= Atlas Professionals =

Atlas NextWave is a Dutch provider of recruitment and HR services within the energy and marine sectors globally, and has its headquarters in Schiphol.

==History==
Leo Burghouwt, Theo Klinkenberg and Thea Biemans establish the company in 1982 in Weesp, initially as an agent for worldwide transport over water. In 1986, the company expanded into personnel services for waterway contracting and started trading under the name of Atlas Personnel Services (initially Atlas Transport Services).

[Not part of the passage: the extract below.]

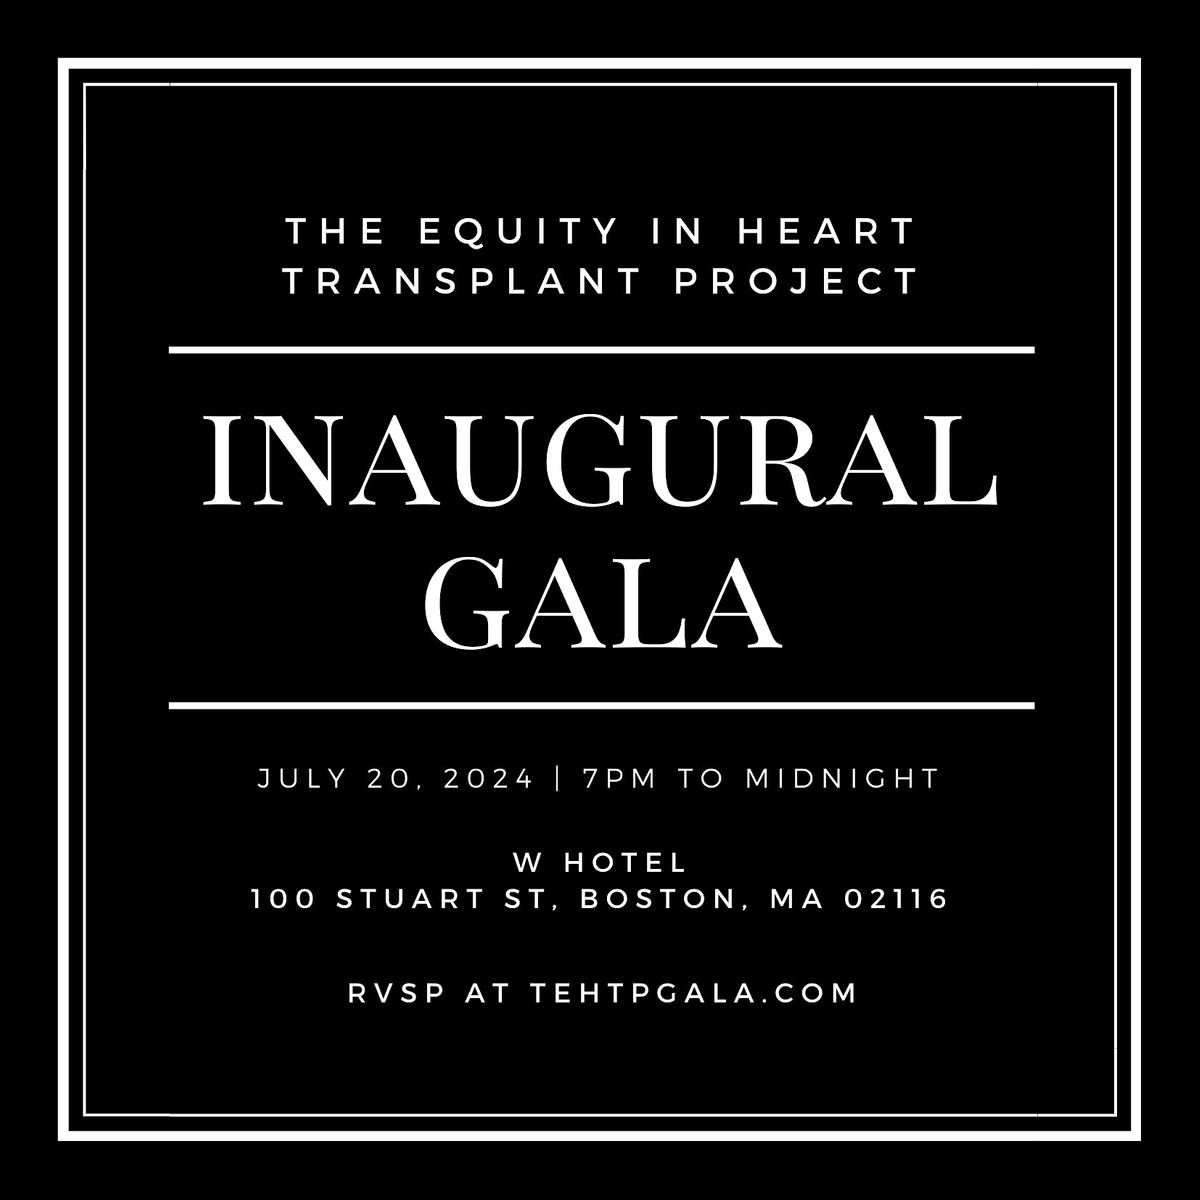 The Equity in Heart Transplant Project's Inaugural Gala

In 1999, René Neelissen and Marcel Burghouwt became shareholders and Managing Directors of the company. In that year, the company name was changed to Atlas Services Group and the first acquisition was completed. The acquisitions of Eurosailor BV in 1999 and of Tristar Well Service Pool BV in 2000, are the key factors in the buy and build of personnel services within the marine and energy industries. In the following decades, Atlas aims to grow through mergers and acquisitions. From 1999 until 2014, Atlas acquires parties in a wide range of specific market segments in the energy and marine industries.

In 2011, HAL Investments BV (European investment subsidiary of HAL Holding NV, listed on Euronext Amsterdam), takes 45% interest in Atlas Services Group.

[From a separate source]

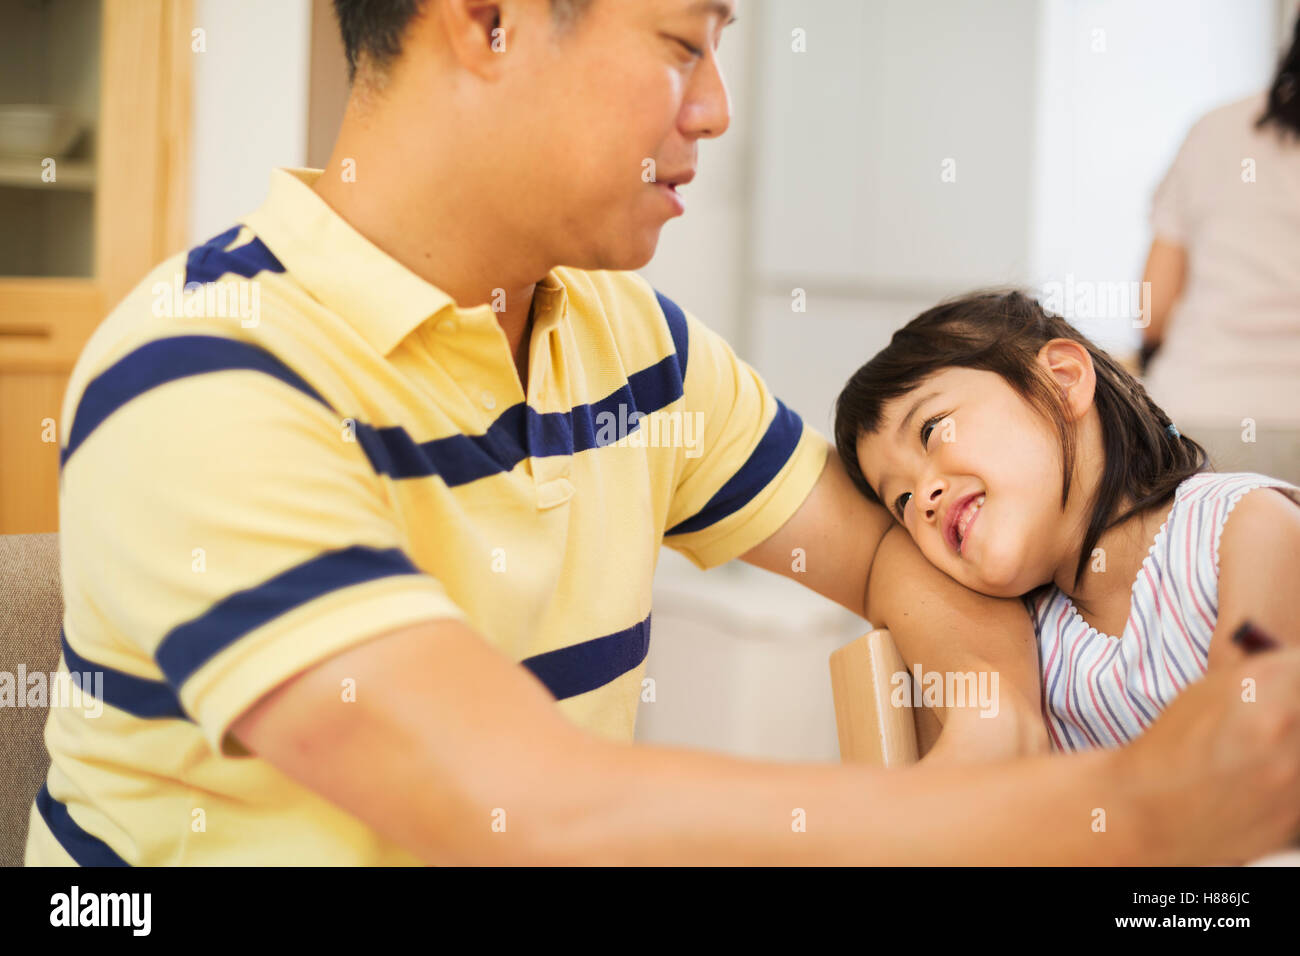 Family home. A man and his daughter. Stock Photo

In 2013, the company's trading name was changed to Atlas Professionals.

In 2016, HAL Investments BV purchased an additional 25% interest.

==Services==
The company has offices in eighteen countries and provides specialist recruitment and HR services within the following fields of expertise:
1. Drilling & Well Services
2. Energy
3. Marine
4. Renewable Energy
5. Seismic
6. Hydrographic Survey
7. ROV, AUV & Underwater Inspection
8. Management & Quality Control
9. Catering
10. Dredging & Port Construction
11. Marine Environmental
12. QHSE

==Executive committee==

Boris Kasteel - Chief Executive Officer (CEO) (since 2020)

Colin Seyger - Chief Financial Officer (CFO) (since 2021)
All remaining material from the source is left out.